Fig. 1: Experimental stimuli and looming-related BOLD activation within cortical areas. | Molecular Psychiatry

Fig. 1: Experimental stimuli and looming-related BOLD activation within cortical areas.

From: Neural correlates of personal space regulation in psychosis: role of the inferior parietal cortex

Fig. 1

A Examples of the Looming paradigm stimuli. Each unique face was presented at central fixation while either increasing (approach condition) or decreasing (withdrawal condition) in size over the course of a 16 s block. The functional contrast of approach > withdrawal was computed in the analyses.

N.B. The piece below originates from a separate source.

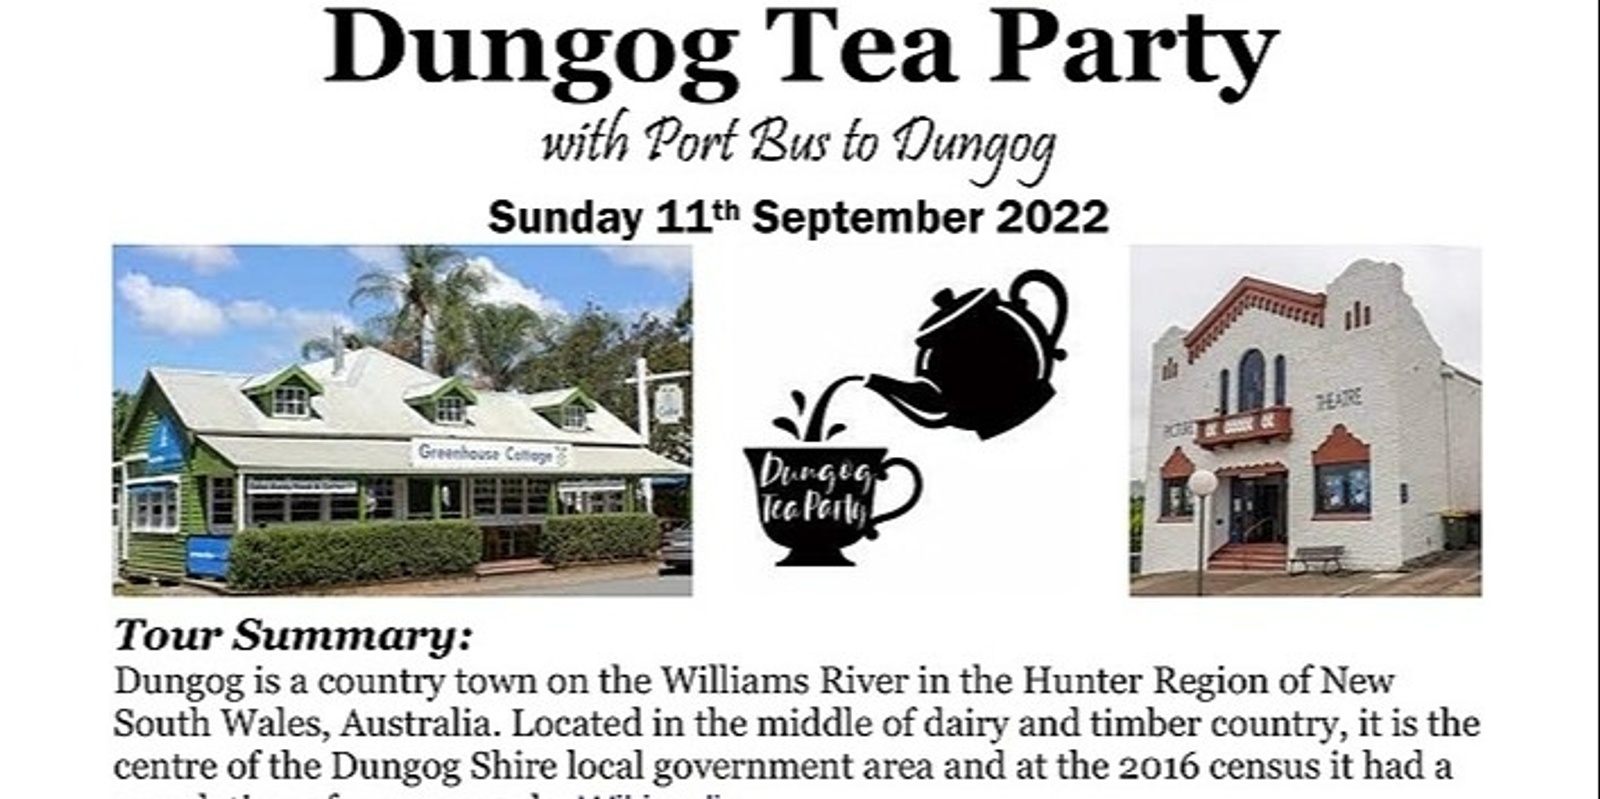 Banner image for Dungog Tea Party

B–E Bar graphs depicting mean BOLD signal level (% change from baseline) for each looming condition (App = approaching faces; Wth = withdrawing faces) and group (Healthy Control group in blue, n = 60; Psychotic Disorder group in red, n = 37) within each cortical personal space network region-of-interest (ROI), averaged over the right and left hemispheres. Error bars represent one standard error of the mean (** P < 0.01; *** P < 0.001, for the approach vs. withdrawal paired t-test comparison). F, G Cortex-wide activation (approach > withdrawal) maps for the HC (n = 60) and PD (n = 37) groups, respectively, are displayed, with posterior views of the significance maps (display threshold: P < 0.001, vertex-wide corrected), overlaid on inflated cortical surface models derived from a common space brain template (fsaverage) for the left and right hemispheres (for additional views see Supplementary Figure 3). Black arrows denote cortical ROI locations, defined using an independent fMRI dataset (see Supplementary Figure 1).